ASSIGNMENT » Output the listing below verbatim, without images.

COLLECTED MATERIAL »

____

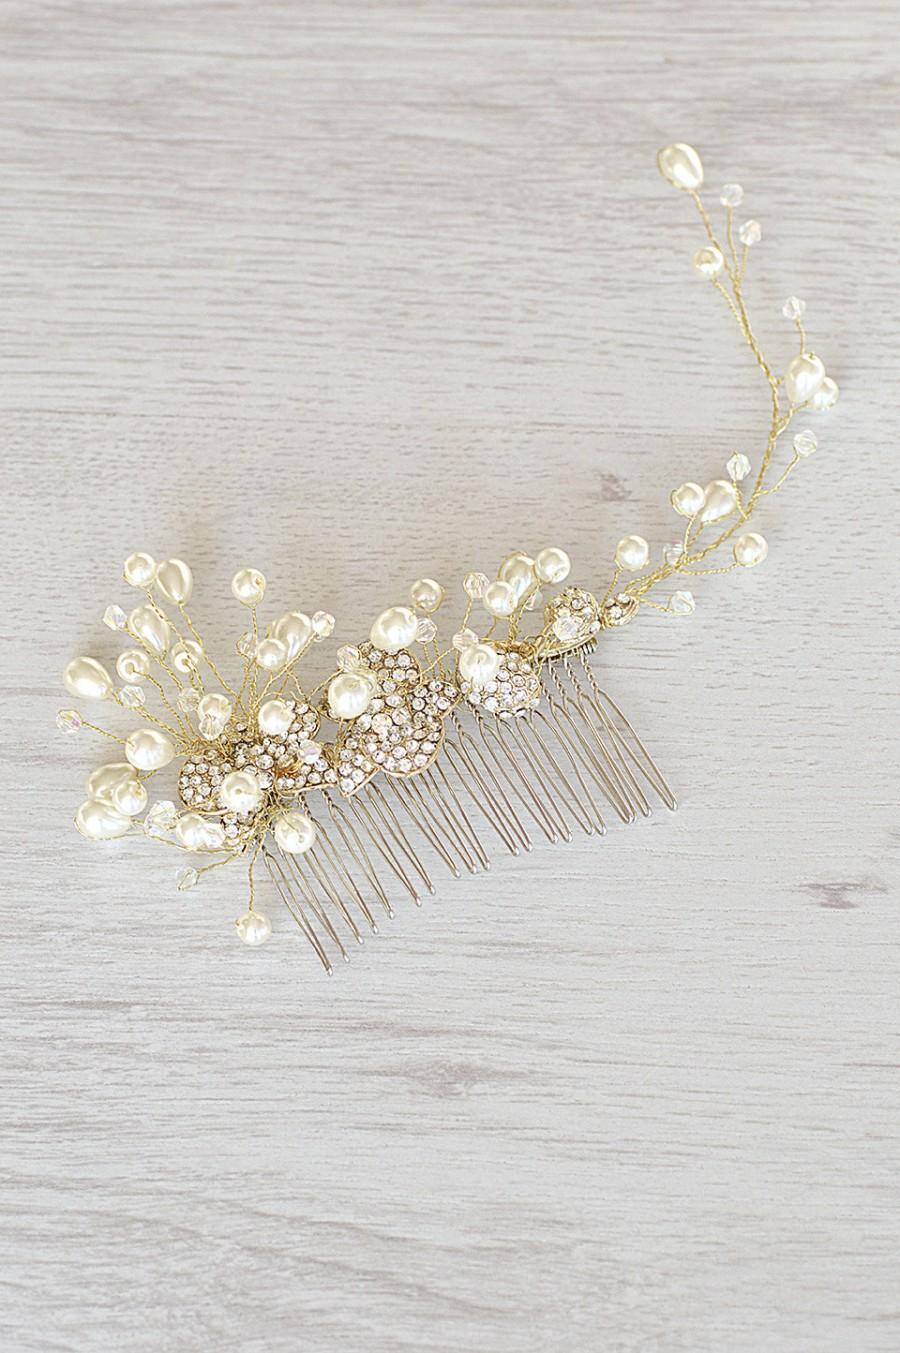 زفاف - Wedding Pearl Hair Piece, Gold Vine hair piece, Bridal Hair Comb, Vintage wedding, Large Pearl Comb, Bridal Hair Accessory, Gold vine crown
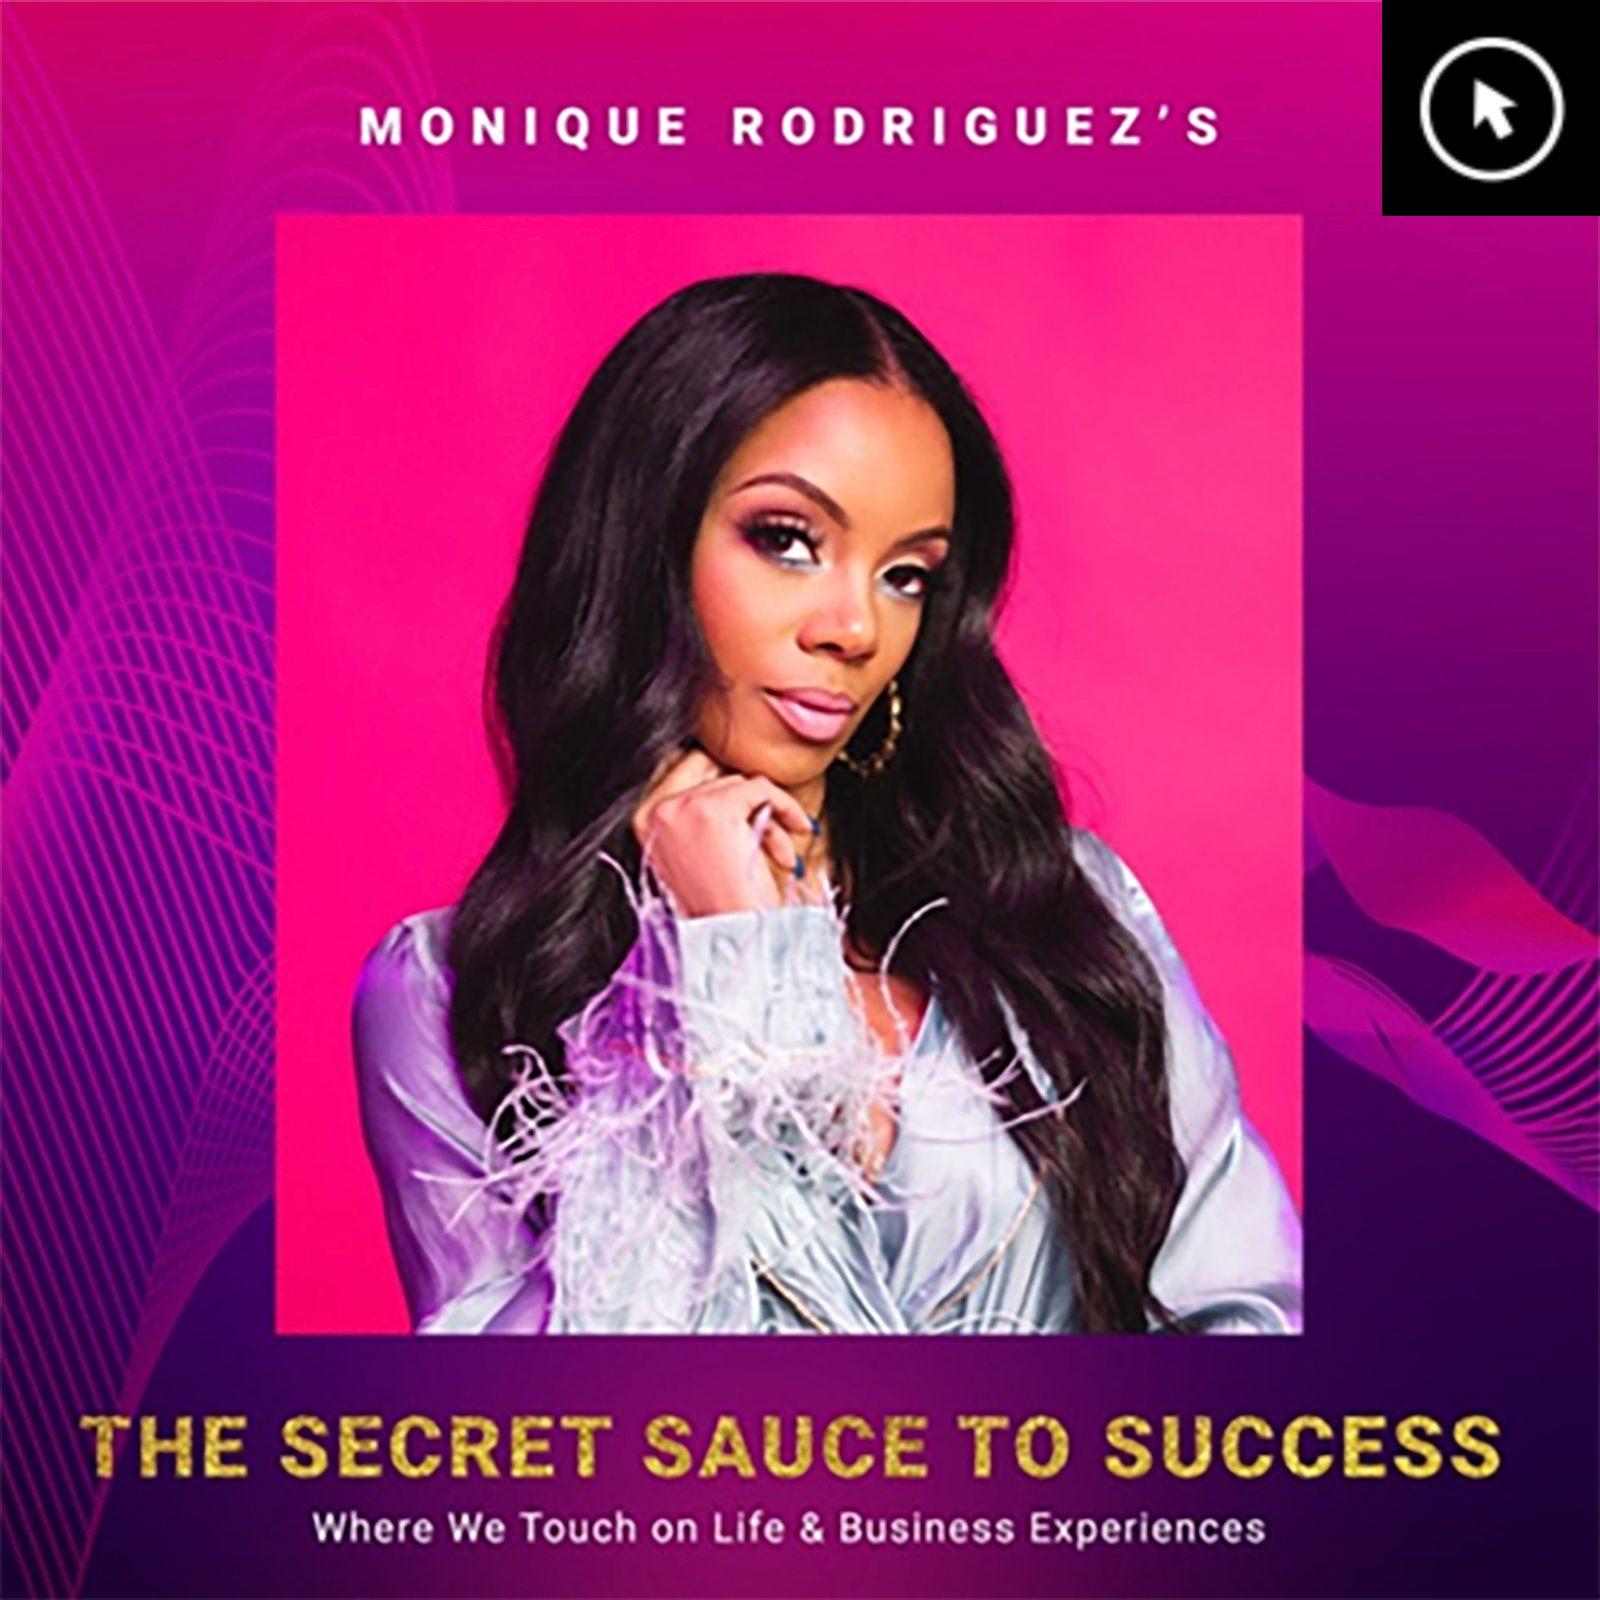 Podcast Review: The Secret Sauce to Success with Monique Rodriguez
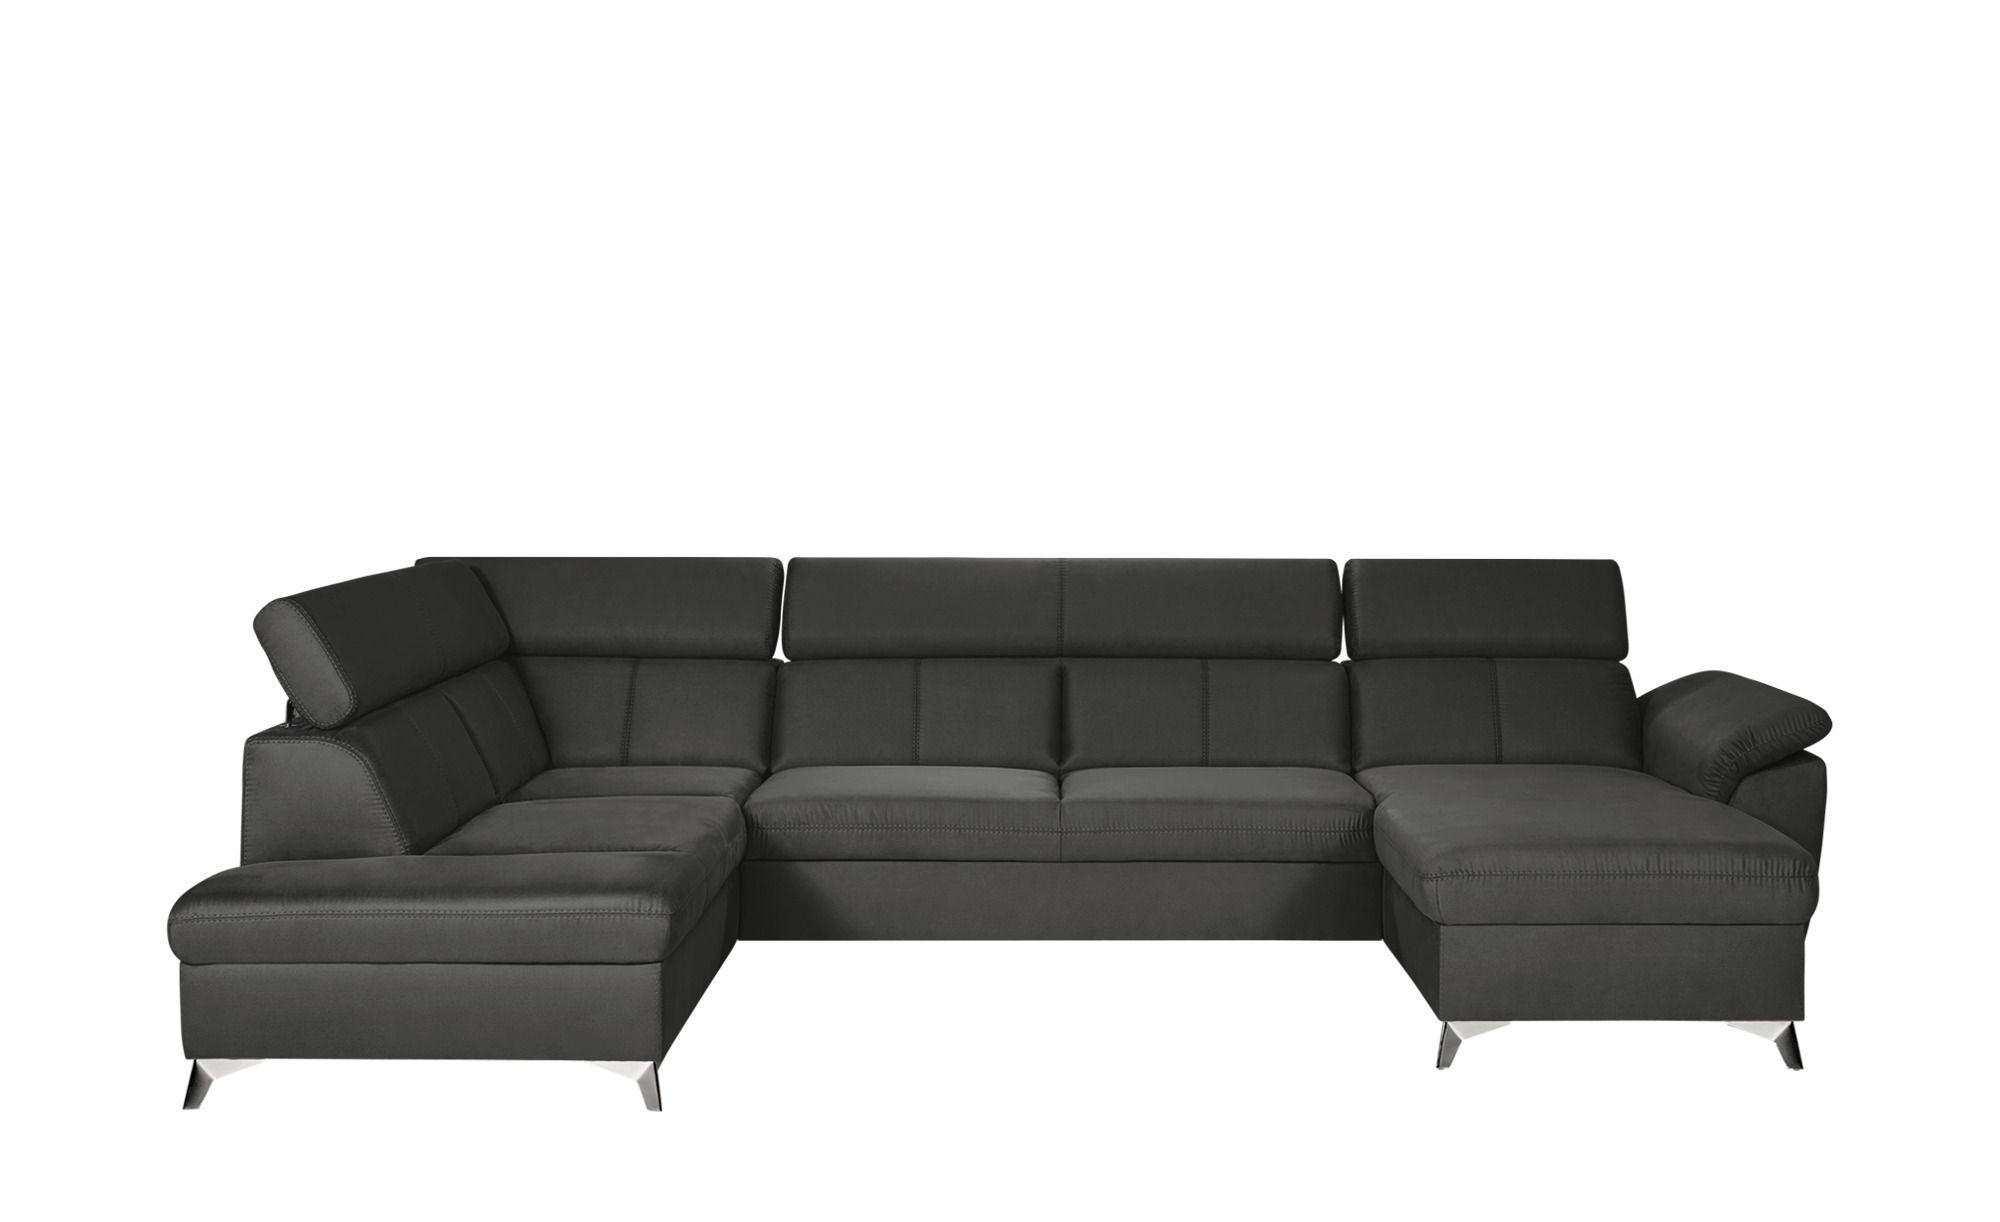 sofa online kaufen erfahrungen. Black Bedroom Furniture Sets. Home Design Ideas

____

EXERCISE OUTPUT »
 زفاف - Wedding Pearl Hair Piece, Gold Vine hair piece, Bridal Hair Comb, Vintage wedding, Large Pearl Comb, Bridal Hair Accessory, Gold vine crown
 Podcast Review: The Secret Sauce to Success with Monique Rodriguez
 sofa online kaufen erfahrungen. Black Bedroom Furniture Sets. Home Design Ideas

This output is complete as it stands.